Aiden rubbed his arms as they sank lower, the stale air chilling against his skin the nearer they came to the landing. Didn't really seem that a Jedi like Luminara would go in for this cloak-and-dagger stuff, but she sure found the perfect spot for it. Wasn't a soul in sight anywhere.
Guess no one in their right mind would ever come through this way if they could help it.
He shook his head and glanced over his shoulder as Barriss touched the speeder down, and there, in the obscured mouth of an alley, stood the unmistakable silhouette of Luminara. "Barriss." He gestured toward her master.
Barriss followed his finger, and powered down the speeder, hopping out in a swirl of fabric.
Into the hands of the Jedi once more... He huffed and patted Dak's data pad sitting heavy under his shirt, and then followed.
Luminara remained where she stood in the alley's mouth, halfway between light and shadow. Something about the combination made it hard to focus on her face. "Were you followed?" she said in place of greeting.
Barriss closed her eyes as she stopped in front of her, and then pinched her eyes tighter with a grimace, absently rubbing her temples as she responded, "That speeder's a lot faster than it looks."
Aiden furrowed his brow. 'Barriss, you okay?'
Luminara looked past Barriss' shoulder at the deceptively plain speeder, and something like recognition pulled at her lip. She then trailed her gaze back to Barriss' pinched face and said, "Is something wrong, Padawan?"
Barriss clamped her eyelids tighter still and then hunched over, pressing her hands desperately to her temples. "Something's happening. I don't... I don't know."
Aiden stepped to her and placed his hand between her shoulder blades. "Barriss? Barriss talk to me." 'What's going on?'
The bond flared inside him, and then lit like a flame.
All at once, she doubled over with a small cry, fingers twisting in the fabric of her hood, and icy tendrils gripped his spine as she fell into his arms, clutching at him until he couldn't take his eyes off her. 'Barriss! What's happening?' "Luminara, do something!"
Black fabric began sedately shuffling in the corner of his vision. "Be at peace, slicer, she will be fine. She is merely a victim of her own mental strength."
He held Barriss tightly. "What the blazes are you talking about?"
The black fabric swished to a stop next to them, and Luminara's oddly cold eyes stared down at him. Since when was she taller than him? "You are fortunate. Your mind is weak. It does not struggle." She shifted her gaze to Barriss. "Her mind is strong. It struggles against the illusion."

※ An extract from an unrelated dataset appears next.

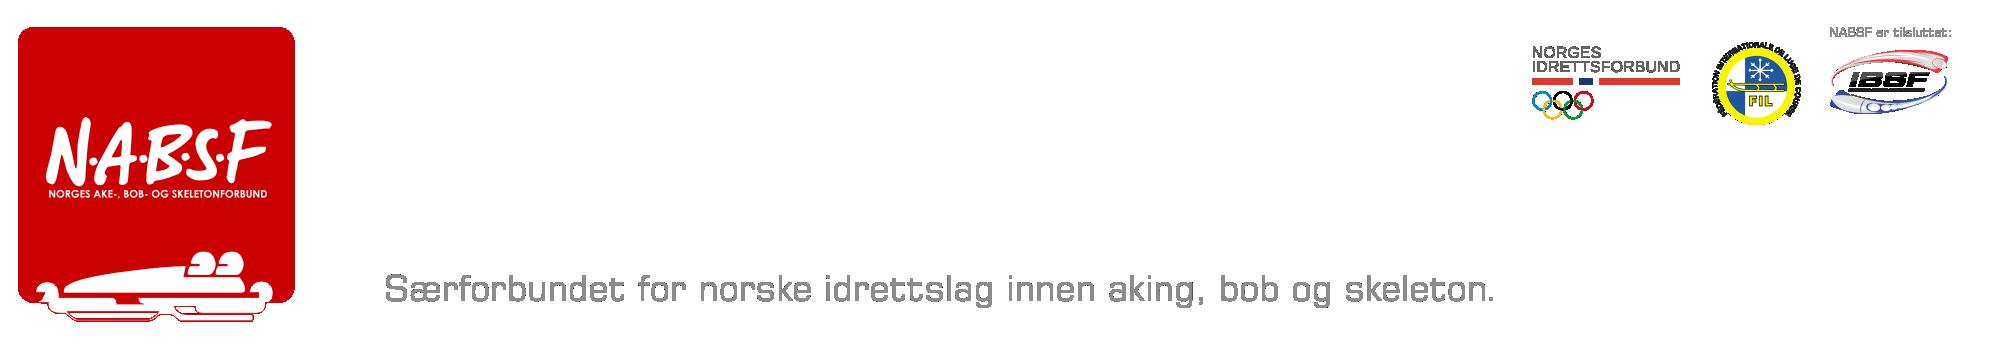 Norges Ake, Bob-, og Skeletonforbund

He looked at her, and couldn't stop the glare that settle in. "What illusion?"
"This one." She pulled her saber from her waist and ignited the blade, the red blade, straight through Barriss' abdomen.
The crimson shard burst all the way through and out her back, and she seized in his arms, eyes flying open impossibly wide as her mouth opened in silent scream.
The world stopped. Fire lit every nerve in his body. A liquid stream burned through his core, every muscle in his body contracting as the bond screamed inside him as if he had been stabbed right along with her. And together, they fell to the cold durasteel, shimmering eyes locking with each other. 'Barriss!' He mouthed the words desperately, lungs frozen in the pain searing through the bond from the inside out.
And there above them, staring down with eyes no longer violet, was not Luminara, but Palpatine.
Cracked lips pulled back as yellow eyes burned beneath a black hood that no longer resembled Luminara's headdress. And in a voice more chilling than the night seeping into Aiden's bones through the steel floor, he spoke. "At last we meet, my young friend."
Aiden gasped uselessly against the fire as he stared wide-eyed, unable to lift his head from the cold durasteel, and Palpatine lifted a single hand from within black sleeves, eerie light forming at the ends of his fingers. "Sleep now."
The light exploded from his fingers, and Aiden's world went dark.